Originally founded as the Celebrity Lecture Series in 1998 by the College of Arts & Letters and the Dean’s Community Council, the series was later renamed the Signature Lecture Series in 2007 and allows notable public figures to interact and engage with the faculty, students, and greater community of Michigan State University through conversations and discussions.
Support for this series has come from sponsors both within the University community and the community at large. Their generosity has been critical in attracting the best and most qualified individuals to conduct an informed and wide-ranging discussion of contemporary ideas and creative achievements in the arts and humanities.
The popularity of this series has attracted some of the most illustrious scholars, critics, novelists, poets, film producers, and creative artists of our time, including Soledad O’Brien, Ken Burns, Oliver Stone, Richard Ford, Maya Angelou, and Trevor Noah, just to name a few.
The Cooler Bandits Film Screening
(PLEASE NOTE: The Capital City Film Festival, in which the John Lucas film, The Cooler Bandits, was set to be screened, has been postponed. Select films will be screened this summer as a part of that festival.)
Lucas also will return to MSU’s campus in April for the screening of his documentary, The Cooler Bandits, on Friday, April 10, as part of the Capital City Film Festival. This special film screening will be followed by a discussion with Lucas and the people featured in the film.
Lucas has worked as a documentary photographer for more than 25 years and has directed and produced several cutting-edge multimedia projects, including collaborative works with Rankine.
His work has been exhibited in museums and galleries both nationally and internationally including the Brooklyn Museum, Cleveland Museum of Art, Redcat (Los Angeles), OK Harris Works of Art (NYC), La Panaderia (Mexico City), Aeroplastics Contemporary (Brussels), and Fieldgate Gallery (London).

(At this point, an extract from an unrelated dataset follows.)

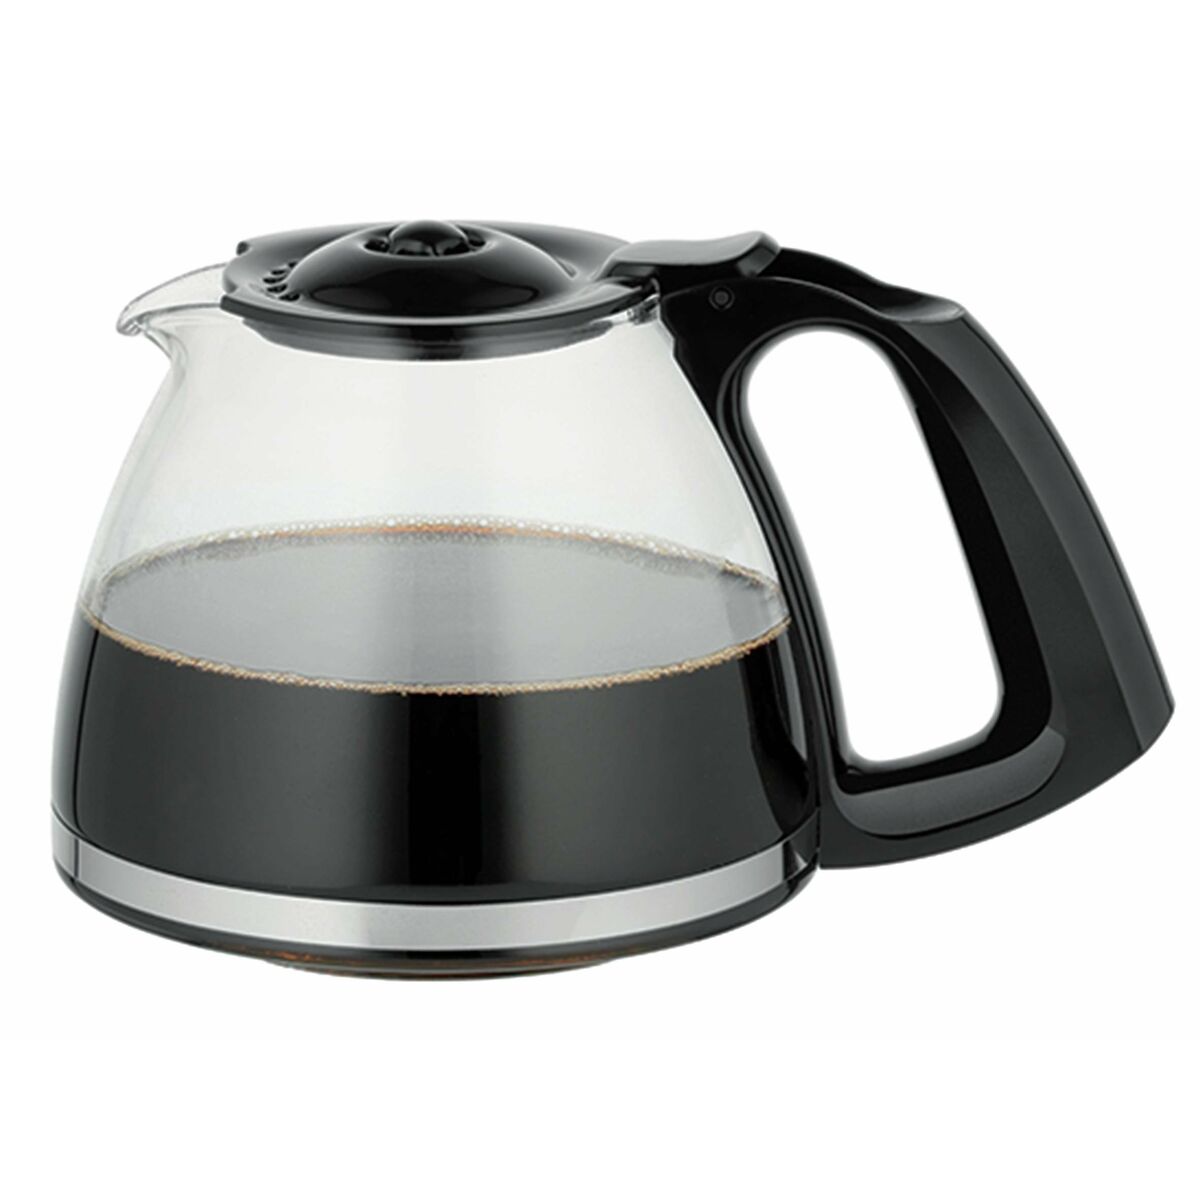 Tippa kahvinkeitin Moulinex FG362810 1,25 L 1000 W 1,25 L

In 2014, he completed The Cooler Bandits, his first feature-length documentary film, which follows four friends who struggle to confront their future after 20 years in prison. As teenagers, the friends engaged in a series of robberies, not understanding the serious consequences of their actions. Although no one was physically injured in these robberies, they received stiff prison sentences of up to 500 years.
From 2006-2013, The Cooler Bandits followed the journey of these four friends. Lending voice to personal experiences of incarceration, the film encourages viewers to grapple with the inequities of our criminal justice system and humanizes the staggering statistic of Black men branded “felon” for life.
The film was awarded best documentary at the 2014 Harlem International Film Festival.